# NEWBIE FROM THE UK



## PURPLEGOTH666 (Jun 28, 2010)

Hi all,
new on here but not new to rodents been keeping all sorts for most of the 44 years I've been around,everything from mice to rats,dormice,guinea pigs,multimammates,degus,voles,gerbils,hamsters,jirds,etc at one time or another I have kept most things,still alot remains on my want list but there is still time to fulfill that ha ha.
On the mouse front I only have pet stock,and use some for feeders however the colours that are being produced in the variety of patterns means that I'm keeping more and more as they are just to pretty to use for food.
I seem to be getting a whole rainbow of colours including satined ones,broken marked,blues,long hairs and even nakeds.
Would really like some astrex and texells to add to the mix,and would love some chinchilla coloured if any one can point me in the right direction.


----------



## Jack Garcia (Oct 9, 2009)

Hello and welcome!

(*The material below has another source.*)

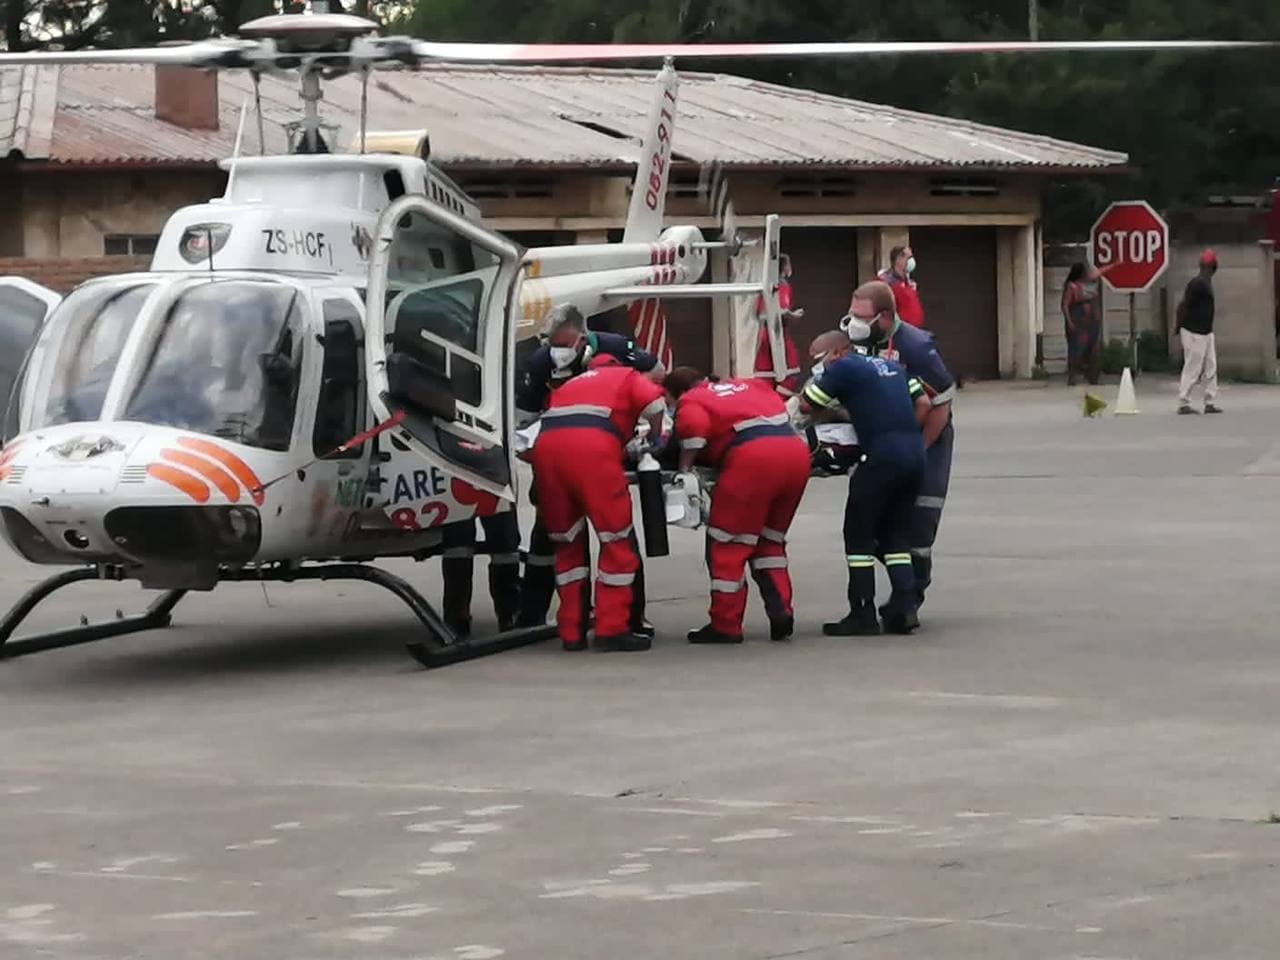 Delivery bike man sustained critical injuries

Please stick around and post often!


----------



## Rhasputin (Feb 21, 2010)

Voles are awesome! I wish I could have one as a pet!
I actually have a real soft spot for moles. . .


----------



## windyhill (Jan 19, 2010)

Welcome to the forum 
Ive had alot of the animals you listed too.


----------



## WoodWitch (Oct 18, 2009)

:welcomeany


----------



## HemlockStud (Apr 26, 2009)

Welcome to the forum.


----------



## ccoryjohnn (Jul 2, 2010)

Welcome!!


----------



## The Boggit keeper (Mar 5, 2010)

Hello and :welcomeany


----------



## Kallan (Aug 16, 2009)

Hello and welcome


----------